They never entered the budget market with any of their computers. No they are a high end high profit company, unless under their new regime they have changed their whole ethos.


----------



## editor (Jul 7, 2013)

Hocus Eye. said:


> They never entered the budget market with any of their computers. No they are a high end high profit company, unless under their new regime they have changed their whole ethos.


They've certainly already backtracked on a few Jobs's principles.


----------



## Kid_Eternity (Jul 7, 2013)

Hocus Eye. said:


> They never entered the budget market with any of their computers. No they are a high end high profit company, unless under their new regime they have changed their whole ethos.
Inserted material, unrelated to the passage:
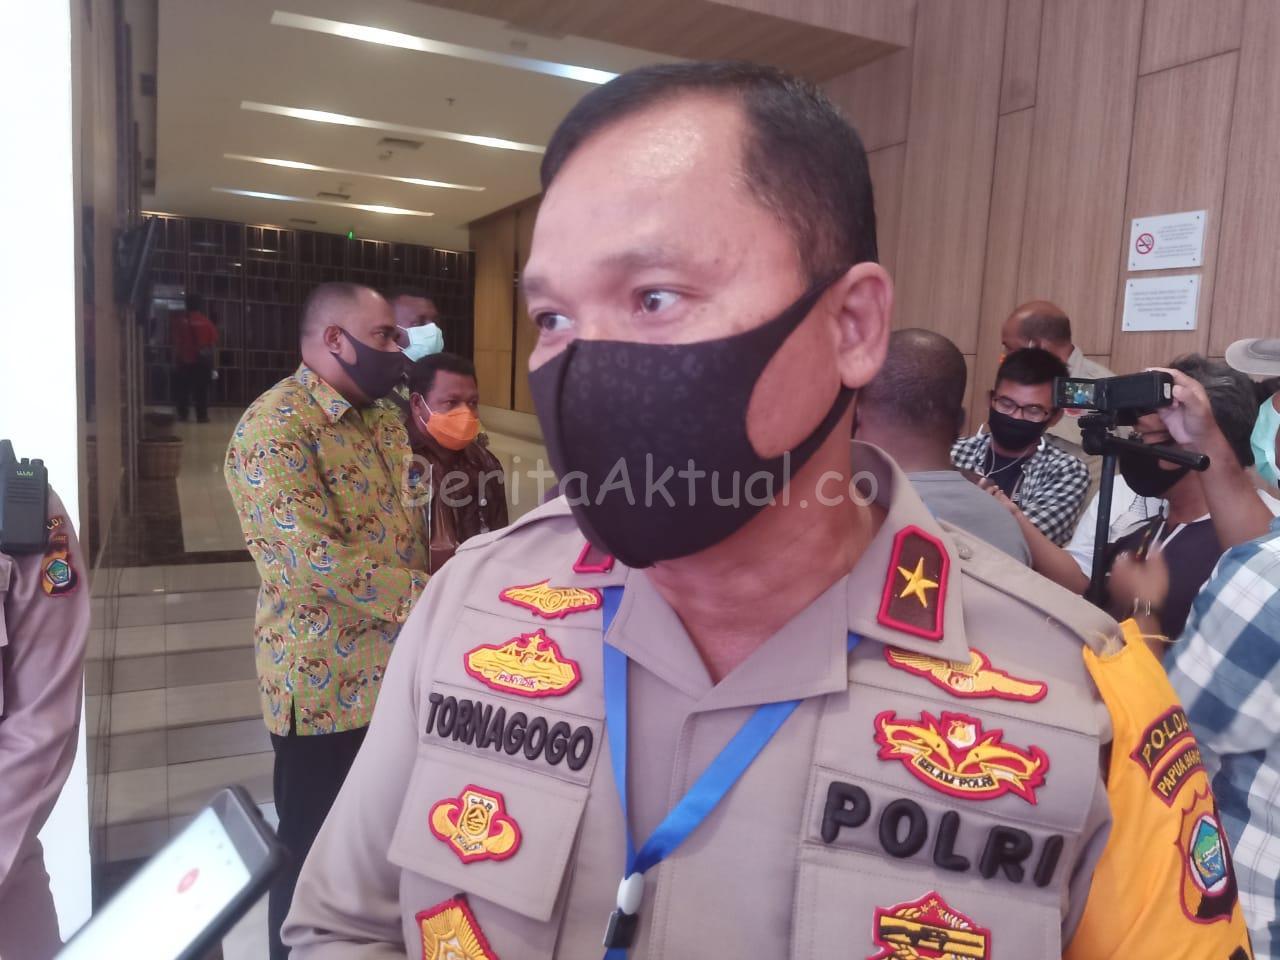 Polda PB Bentuk Tim Khusus Kejar Pelaku Begal Dan Curas di Manokwari Dan Sorong 2 IMG 20200424 WA0044
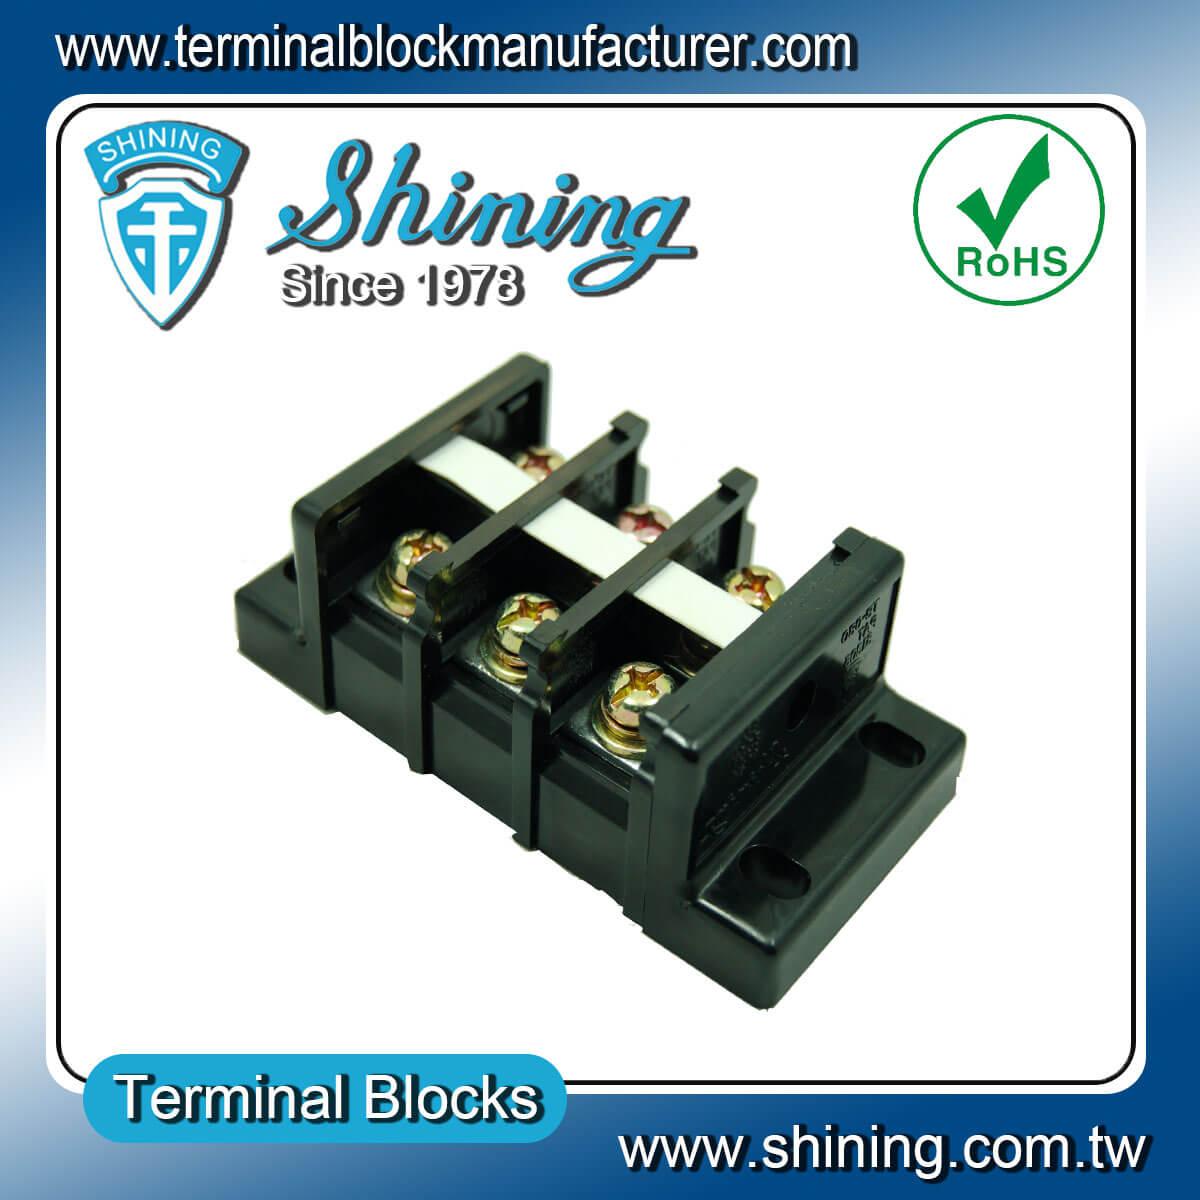 TB-100 600V 100A 組合式柵欄端子台

The shuffle is budget, the white MacBook was their budget computer offering. The iPad mini is about as budget as you can get and still be usable in the longer term. They've always offered a cheapy version of their products no matter who runs theme


----------



## editor (Jul 7, 2013)

Where are these "budget" MacBooks? And what is an  "emergency market"?


----------



## silverfish (Jul 7, 2013)

Wah shield engaged

Emergent market


----------



## Kid_Eternity (Jul 7, 2013)

silverfish said:


> Wah shield engaged
> 
> Emergent market



Never known an auto correct snafu to get a mod (who has the power to change a title) SO excited!


----------



## RedDragon (Jul 7, 2013)

I liked the idea of them doing a special 999 phone


----------



## FridgeMagnet (Jul 7, 2013)




----------



## Mojofilter (Jul 8, 2013)

Kid_Eternity said:


> The shuffle is budget, the white MacBook was their budget computer offering. The iPad mini is about as budget as you can get and still be usable in the longer term. They've always offered a cheapy version of their products no matter who runs theme



I'm not sure the iPad Mini is strictly a budget version, sure it's cheaper than a full sized one but it's hardly cheap.

More to the point, everyone I know that's got one (including me) picked it because the 8" screen seems to hit a sweet spot.
Big enough screen to not feel like its not making any compromises, while small enough to be extremely portable.

I certainly wouldn't swap it for a full sized one, even if it didn't cost any extra.


----------



## Voley (Jul 8, 2013)

FridgeMagnet said:


>


Best smiley ever.


----------



## Kid_Eternity (Jul 8, 2013)

RedDragon said:


> I liked the idea of them doing a special 999 phone



You what?!


----------



## RedDragon (Jul 8, 2013)

Kid_Eternity said:


> You what?!


An iPhone for the 'emergency market'


----------



## Kid_Eternity (Jul 8, 2013)

RedDragon said:


> An iPhone for the 'emergency market'



Hehe yeah one of the more amusing auto-corrects!

Sent from my iPhone


----------